Pero la igualdad tiene otra virtud: satisface el ego. Cuando a un atontao se le dice que su voto vale lo mismo que el del último Premio Nobel de Física, recibe una inyección de autoestima. La crítica más demoledora a la democracia numérica –que no a toda la democracia- es que 51 border line tendrían siempre la mayoría sobre 49 Premios Nobel. La desgracia radica en que la crítica que hace Leo Strauss a la democracia es justa… pero sólo Leo Strauss en este nuestro tiempo y en esta nuestra comunidad democrática, ha osado proclamar que, dado que esto es así, hay que aprovecharse de la situación y gobernar en beneficio de los “filósofos” y de los “gentiles”, teniendo como material desechable a las masas.
Nuestro tiempo es el tiempo de las masas. Y las masas son a la élite lo que el cero al infinito. Basta leer la “Psicología de las Masas” de Gustav Le Bon para advertir hasta qué punto tiene razón el autor cuando dice que la inteligencia media de una masa no se sitúa en la media aritmética de sus integrantes… sino en el nivel más bajo de los presentes. Vean un espectáculo de masas, un linchamiento colectivo o simplemente un talk-show televisivo y ya me explicarán si Le Bon tenía o no razón.
Solo los demagogos adulan a las masas, al considerarles la madre de todas las confirmaciones: puedes tener personalidad, ideas y dinero, pero si no lo utilizas para seducir a las masas, como la vaca seduce al toro, el poder te quedará siempre lejos. Y a las masas se las seduce engañándolas o adulándolas, que es la forma más redomada y cínica de engaño. Eso –no otra cosa- es lo que da poder.
En un libro encantador de esta misma colección, concretamente en “¿Aún votas, merluzo?”, Pol Ubach se encargó de viviseccionar los problemas de las democracias modernas. El primero de todos es que más que democracias, había que llamarlas “plutocracias”, pues el único poder que lleva al poder, es el poder del dinero, de tal forma que el objetivo de todo poder y a lo que aspira es al dinero del poder. Sabido es que los grandes negocios se hacen a la sombra del poder.
Un sistema así fundado basa su estabilidad en cuatro elementos:
1) El doble lenguaje: lo que se dice y lo que se piensa no tienen nada que ver con lo que se hace. Públicamente se adula a las masas, justo para aprovecharse de las masas. Se dice que se sirve al pueblo, cuando en realidad, se sirve del pueblo.

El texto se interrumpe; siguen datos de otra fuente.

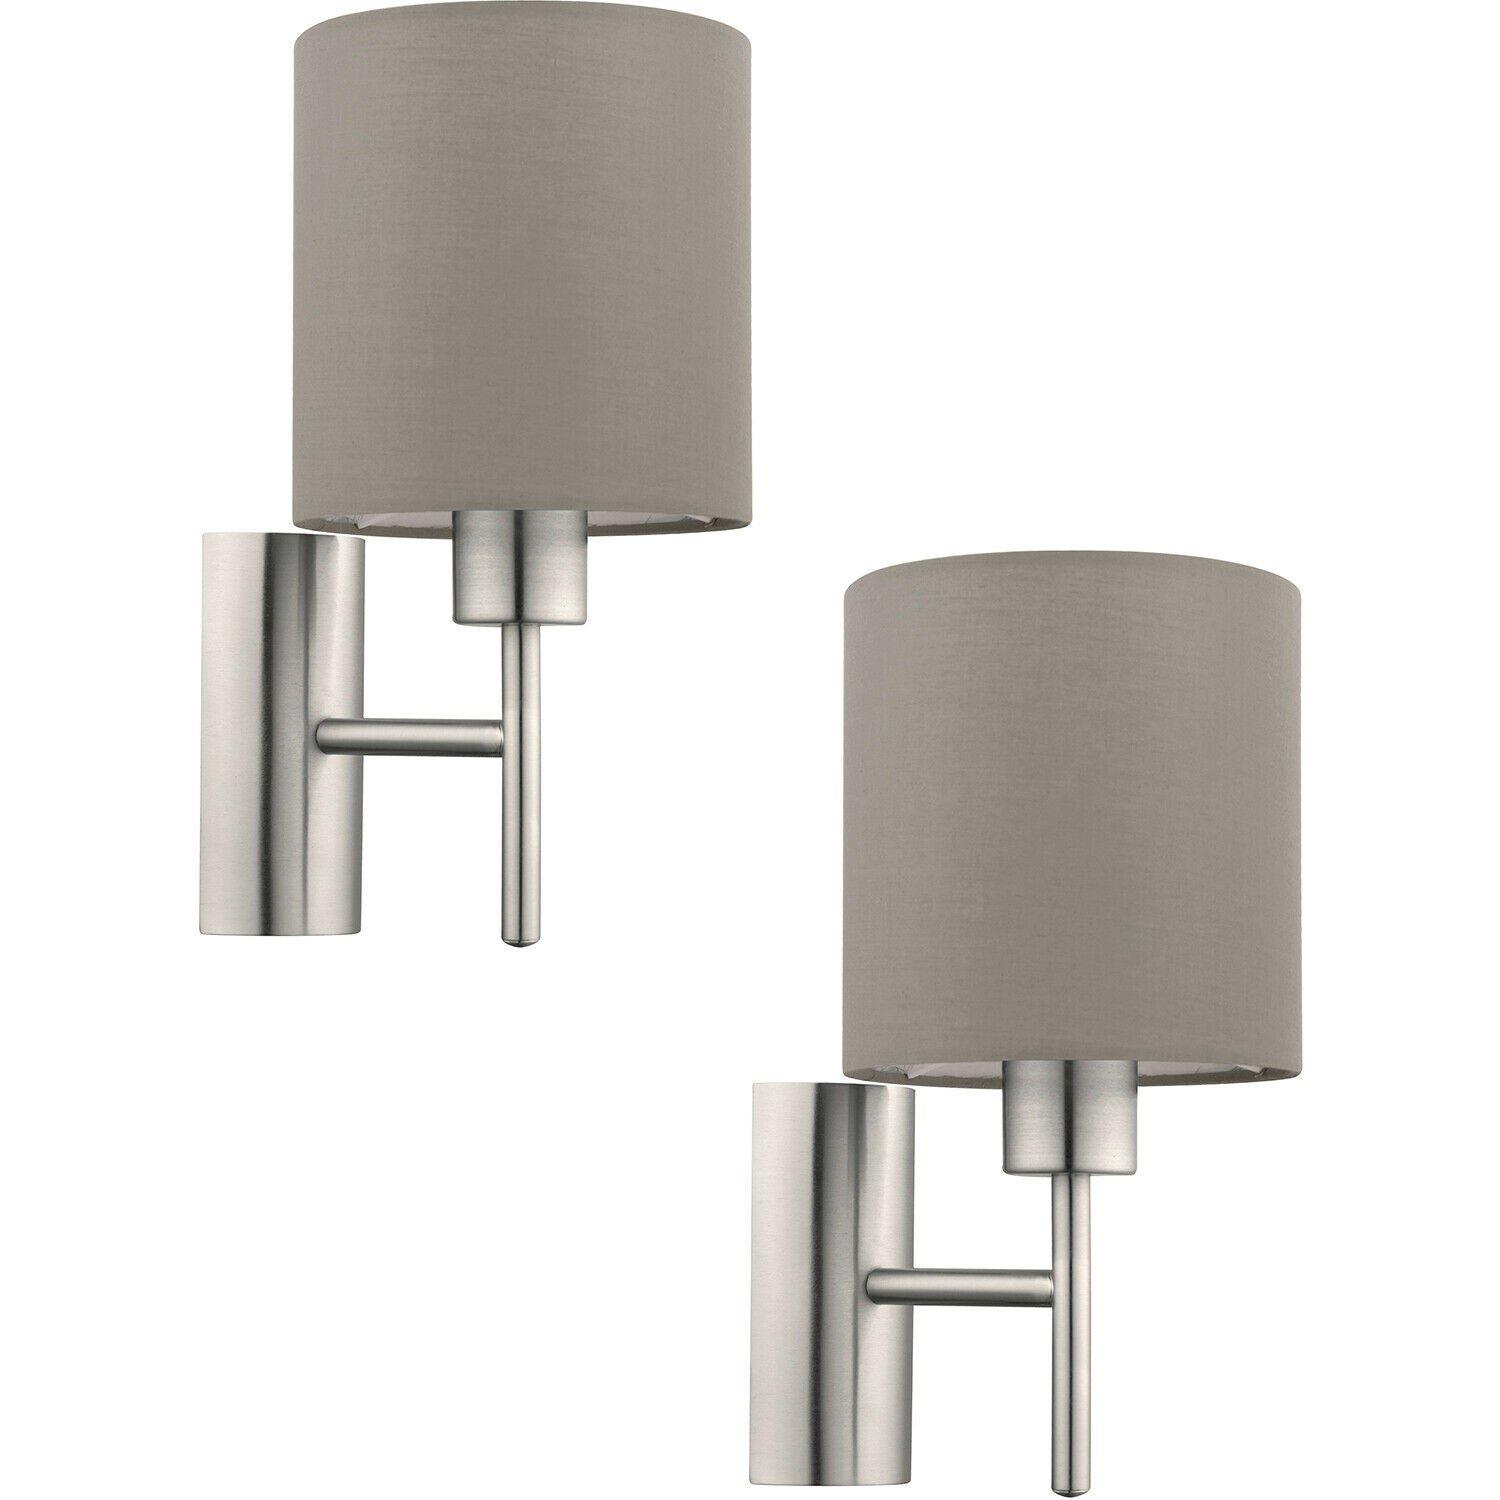 2 PACK Wall Light Colour Satin Nickel Shade Taupe Fabric Rocker Switch E27 60W

2) La idea de irreversibilidad: todos los procesos más deletéreos y negativos que vive nuestra civilización (liberalismo salvaje, globalización, inmensas concentraciones de capital, precariedad) son considerados irreversibles y muestras de progreso.

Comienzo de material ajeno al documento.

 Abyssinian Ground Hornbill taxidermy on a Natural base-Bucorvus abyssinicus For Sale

3) Colada cerebral permanente: asómese a la pequeña pantalla, asómese al mundo de la literatura, al espectáculo y al deporte, asómese a las costumbres sociales, a la música, etc, verá que todas estas planos se alimentan de banalidades y terminan no siendo otra cosa más que estupefacientes sociales. Se achacaba a los césares el distraer voluntades con el “pan y circo” y lo hacían, ciertamente, la plebe entraba gratis en el Coliseo. Hoy ocurre eso mismo centuplicado, solo que el consumidos consumido abona la entrada, como la Ramoneta que hacía de puta y pagaba la cama. Toda la banalidad convertida en espectáculo tiene como resultado un embotamiento del cerebro y el permanecer de espaldas del verdadero rostro de la modernidad
4) Régimen de distracciones: lo que unifica a una masa es la sensación de que tiene un enemigo común. En un tiempo fue el “fascismo”, luego el “comunismo” y ahora es el “terrorismo internacional”. Siempre hay gente que da verosimilitud al fenómeno que, una vez lanzado, tiene vida propia. A la vista de un atentado como el del WTC, el “efecto contagio” hace el resto. Ha habido gente a la que se le ha sodomizado sin vaselina mientras estana en guardia para no ser sorprendido por el enemigo común. La retaguardia siempre es el punto más sensible.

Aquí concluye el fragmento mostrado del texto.